Remember when former President Trump gave a speech before a crowd of his aggro supporters on January 6 and told them that he “won this election… by a landslide” and if they don’t “fight like hell” they won’t “have a country anymore”? What about the bit of the speech when he said they were going to “stop the steal” and are “going to the Capitol”? Or what happened after the speech, when hundreds of pro-Trump insurrectionists violently descended upon the Capitol to disrupt the count of the electoral votes that officiate Joe Biden’s election victory, resulting in a clusterfuck of a riot that left five people dead? Yeah, well, President Trump’s lawyers are insisting he didn’t incite shit!
On Monday, the eve of Trump’s second impeachment trial in the Senate, Trump’s legal team submitted a 78-page brief dismissing the case against him as partisan “political theater.”
From the New York Times:
… the lawyers asserted that Mr. Trump’s speech just before the attack “did not direct anyone to commit unlawful actions,” and that he deserved no blame for the conduct of a “small group of criminals” who rioted at the Capitol on Jan 6. after he had urged them to “fight like hell” against his election loss. They also insisted that the Senate “lacks jurisdiction” to try him at all because he was now a private citizen, calling such an effort “patently ridiculous.”
[…]
“This impeachment proceeding was never about seeking justice,” wrote the lawyers, Bruce L. Castor Jr., David I. Schoen and Michael T. van der Veen. “Instead, this was only ever a selfish attempt by Democratic leadership in the House to prey upon the feelings of horror and confusion that fell upon all Americans across the entire political spectrum upon seeing the destruction at the Capitol on Jan. 6 by a few hundred people.”
Though dense, the legal briefing is worth taking a look at, if only to see the myriad of random typos laced into this flop of an argument.

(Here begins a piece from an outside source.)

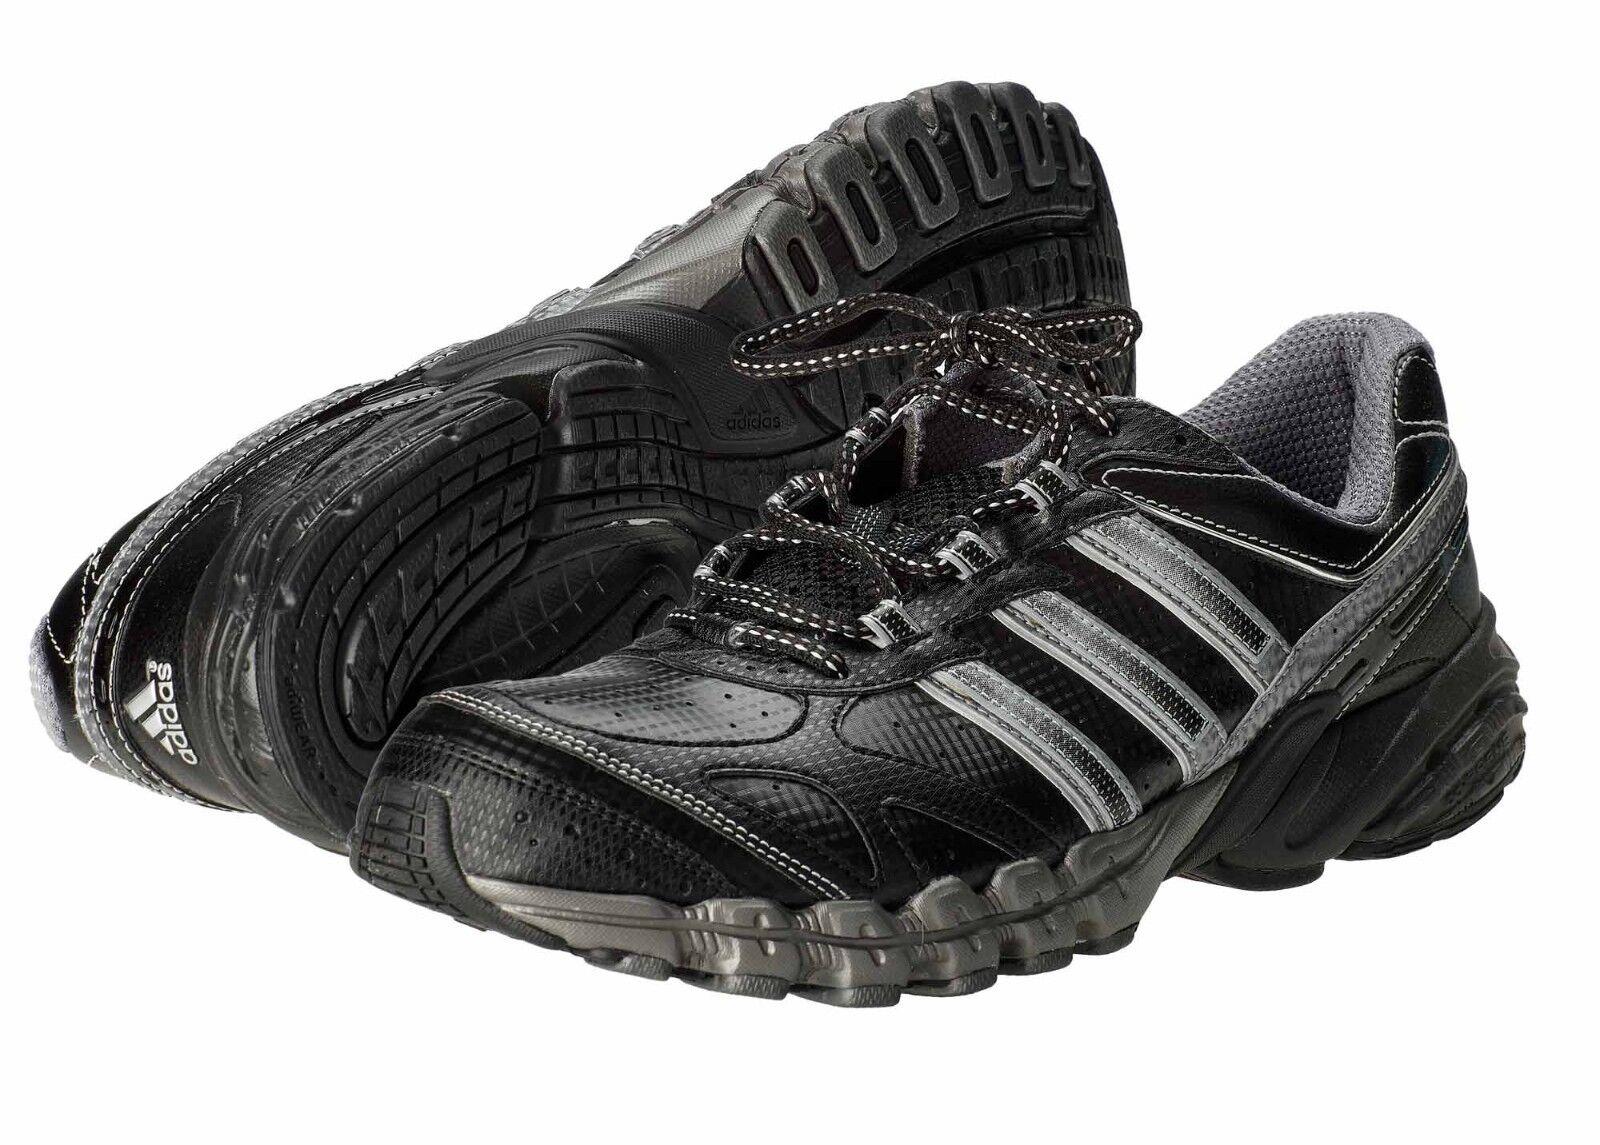 Adidas Laufschuhe Kooger Synth, black silver, 929479 - Running

Check out this nugget, accusing House Democrats of operating through double standards with regards to inciting violence:
It is truly incredible that House Democratic leadership is feigning horror at the President’s choices of words considering some of their own members recent public comments. For example, in 2018, Speaker Nancy Pelosi held her weekly press conference in the Capitol Visitor Center. In reference to a policy she disagreed with, the most powerful Democrat in the Country said: “I just don’t even know why there aren’t uprisings all over the country. Maybe there will be.” Was she advocating violence? Sending a silent dog whistle to radical protesters? Should she be held accountable for her extremist rhetoric and removed from office?
As political violence grew last summer, Representative Ayana Pressley went on national TV and said that “there needs to be unrest in the streets.” Should we hold her liable to pay for all of the businesses that were destroyed when people heeded her call and removed from office?

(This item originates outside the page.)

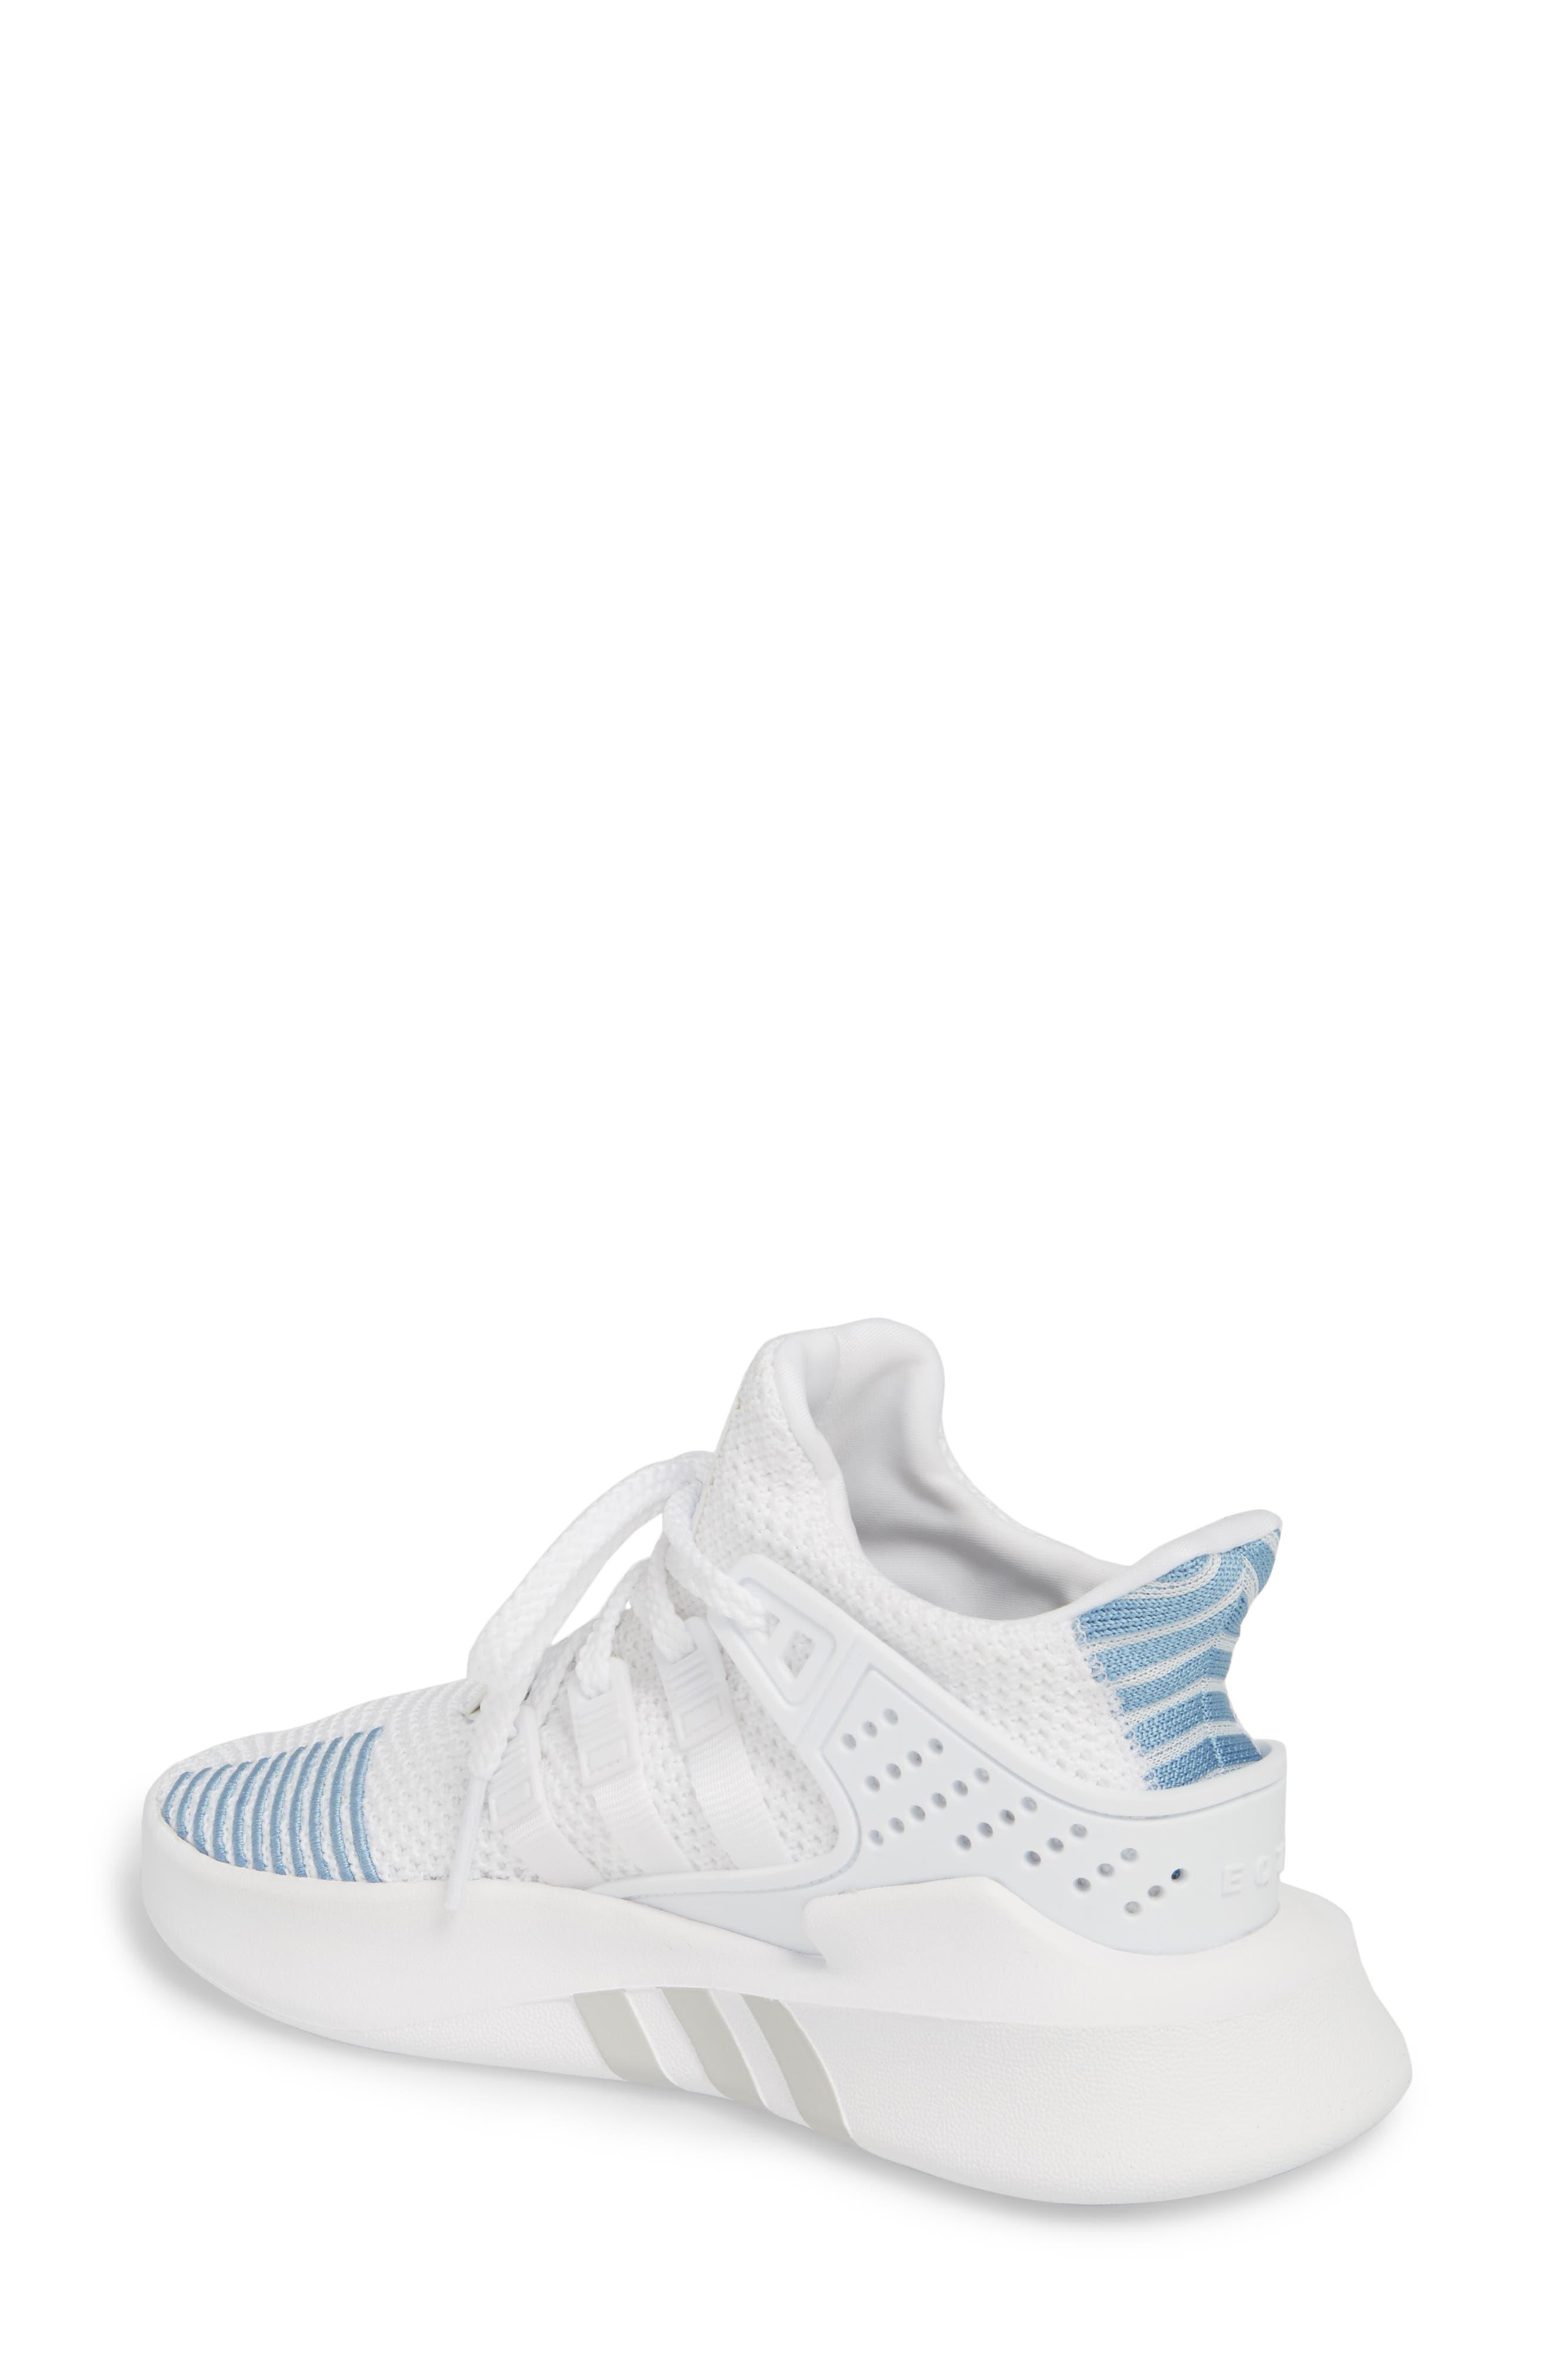 EQT Basketball ADV Sneaker,                             Alternate thumbnail 2, color,                             White/ White/ Ash Blue

In perhaps the most egregious call for physical confrontation, Rep Maxine Waters told a crowd at a rally that they should accost members of the government that they do not like.
[…]
For those who would say that those quotes must be understood in their greater context, i.e., that they were clearly meant to be political speech- we say exactly. The truth is that both the Mr. Trump’s speech and these comments are acceptable political free speech; it is the double standard at play here that is entirely unacceptable, and Mr.Trump ask that the Senate reject it in no uncertain terms.
First of all, Ayanna Pressley’s name was spelled wrong. Putting that aside, perhaps if people took to the streets and acted upon the words of Pelosi, Pressley, and Waters, Trump’s lawyers might have a cogent argument. But that’s not what happened. What did happen is that a massive crowd of Trump die-hards, who believe every word out of his mouth is gospel, decided they must do whatever they could to prevent Biden from becoming president after their God-King actively encouraged them to do just that. (He even said he would join them!)
Of course, he didn’t join the march. But it’s hard to suggest the link is hyperbole given the hold Trump has on his supporters, a hold Trump himself has acknowledged. Back in 2016, Trump said he could “stand in the middle of 5th Avenue and shoot somebody and I wouldn’t lose voters.” This would be an exaggeration coming from literally anybody else than a man who quite literally had a small army of armed creeps ready to riot and, apparently, kill on his behalf.
While many questions remain about the constitutionality of impeaching Trump now that he is a private citizen, that line of argument has more standing than the idea that Trump, the most powerful man in the world on January 6, didn’t have any significant influence on the behavior of his followers.
But I’m not a lawyer, I’m just a person who knows what words mean.